How to understand the cardinality of Yoneda in the case of unit?

Question

Note that this isn't strictly a haskell question, but that's where I've been playing around with this and where I've seen the yoneda lemma expressed most cleanly...

So, with the yoneda lemma, we know that

forall x . (a -> x) -> f x ~= f a

But what I'm wondering is, how does this work for the type x when it is of lower cardinality than a? For example, unit...taking f=Identity, a=Integer, x=Unit we get something like

(Integer -> ()) -> Indentity () ~= Identity Int

Which seems to make no sense?

I've always thought of yoneda in the terms of, say, a=Bool and x=Int

(Bool -> Integer) -> Identity Integer ~= Identity Bool

Where in a sense, Identity Integer "seems" larger than Identity Bool, but given the fact that it had to have been built by a Bool->Integer, we know that there are in fact only two options...but I feel like flipping it shows that said understanding is not quite right.

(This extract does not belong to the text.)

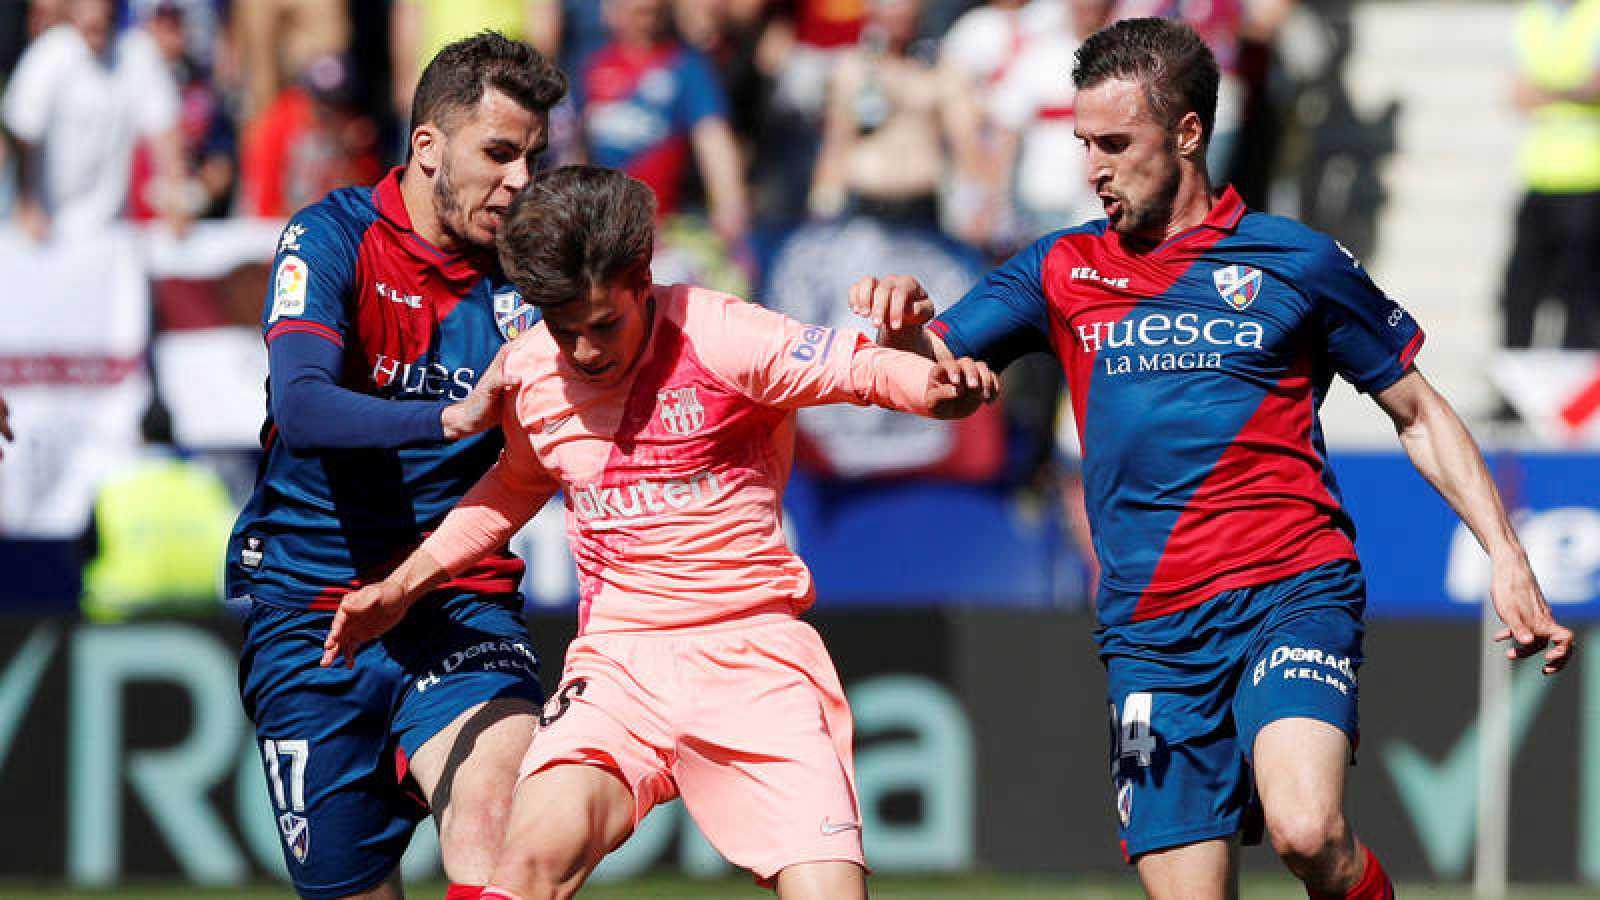 El Barça presume de cantera pero se deja dos puntos ante el Huesca
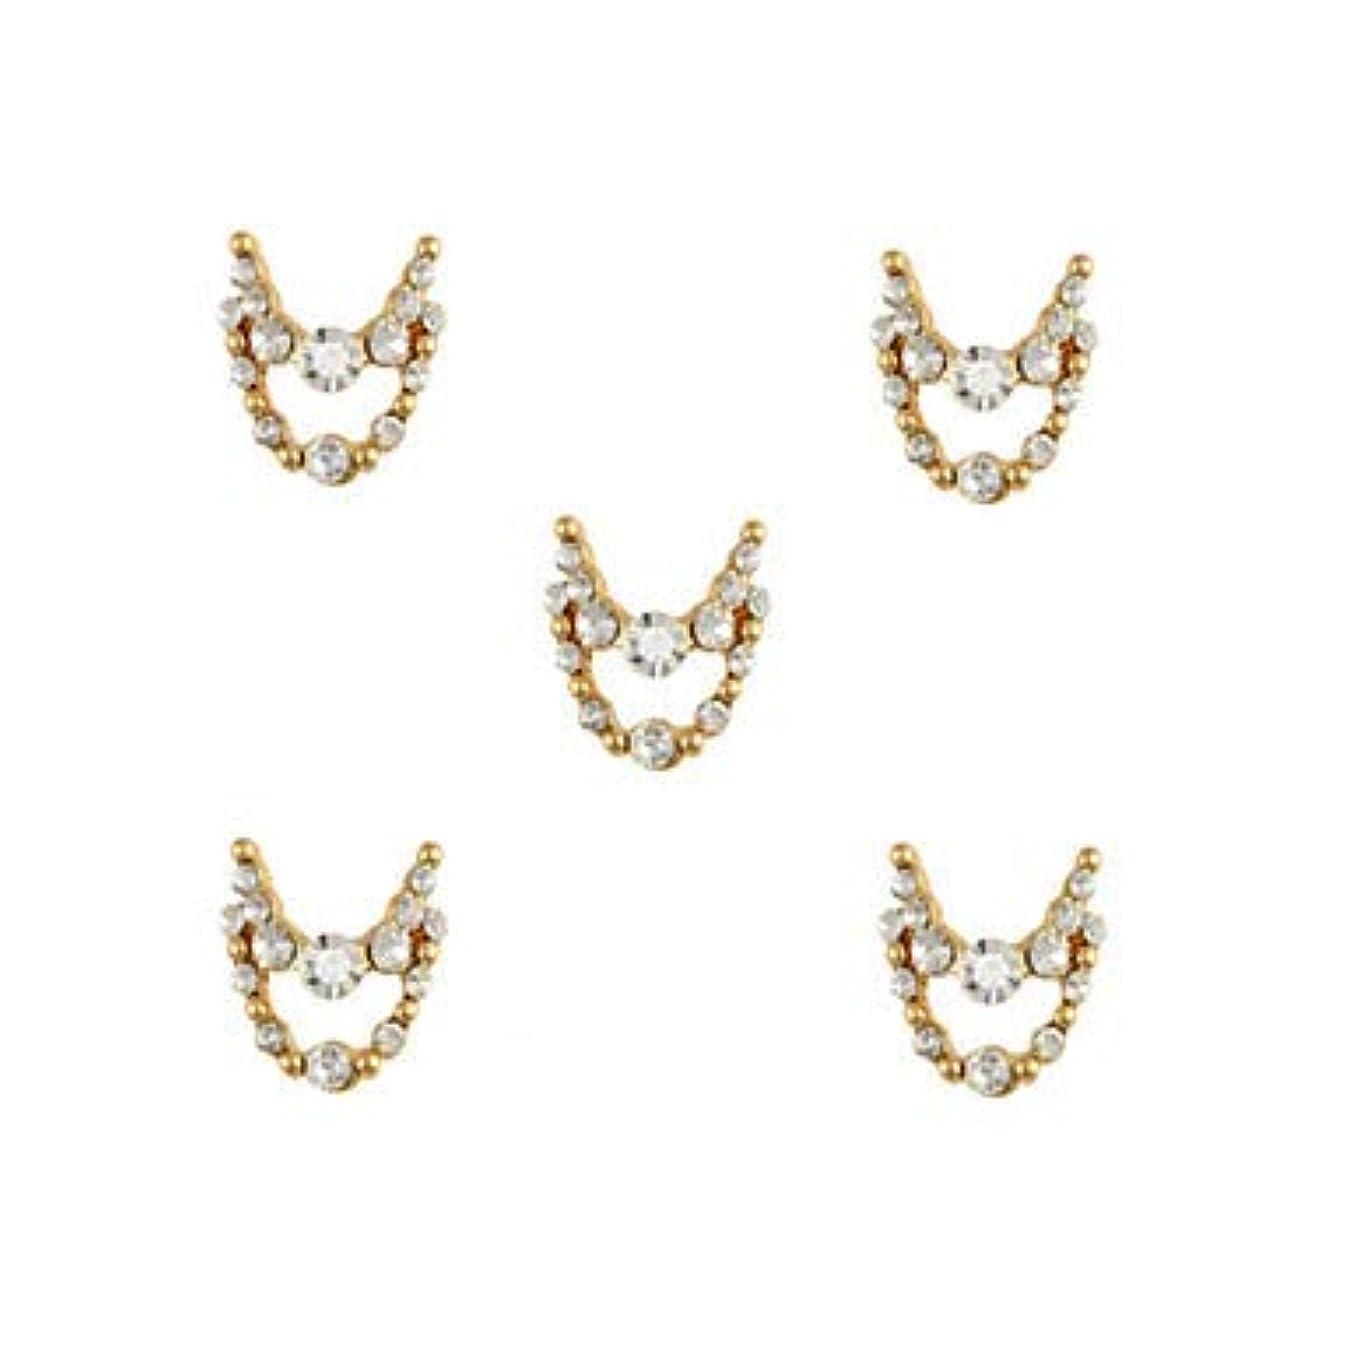 ベックスペット女優明確なラインストーン3dチャーム合金ネイルアートの装飾が付いている10個入りゴールドネックレスブラブラ

I'd appreciate any help understanding this!

Answer 1

You can't fix x ~ (). For the identity to hold, the function must work for every choice of x, not just a single specific choice. That's why there's a forall on that parameter. So let's recast your example, remaining parametric over x. I give you a function of the following type

(Integer -> x) -> Identity x

promising that it works for any x that you choose. The only way I could possibly implement this function is to have an Integer in my hand already, and call the function you give me on it, yielding an x. Thus, my function is equivalent to an Identity Integer.

Likewise we can take a ~ Bool, f ~ [], yielding

(Bool -> x) -> [x]

The only way I can implement this is if I have a [Bool] lying around, and call your function with each of my Bools.

Since x must be polymorphic, it has no particular cardinality, and so the question of being smaller or larger than a does not arise.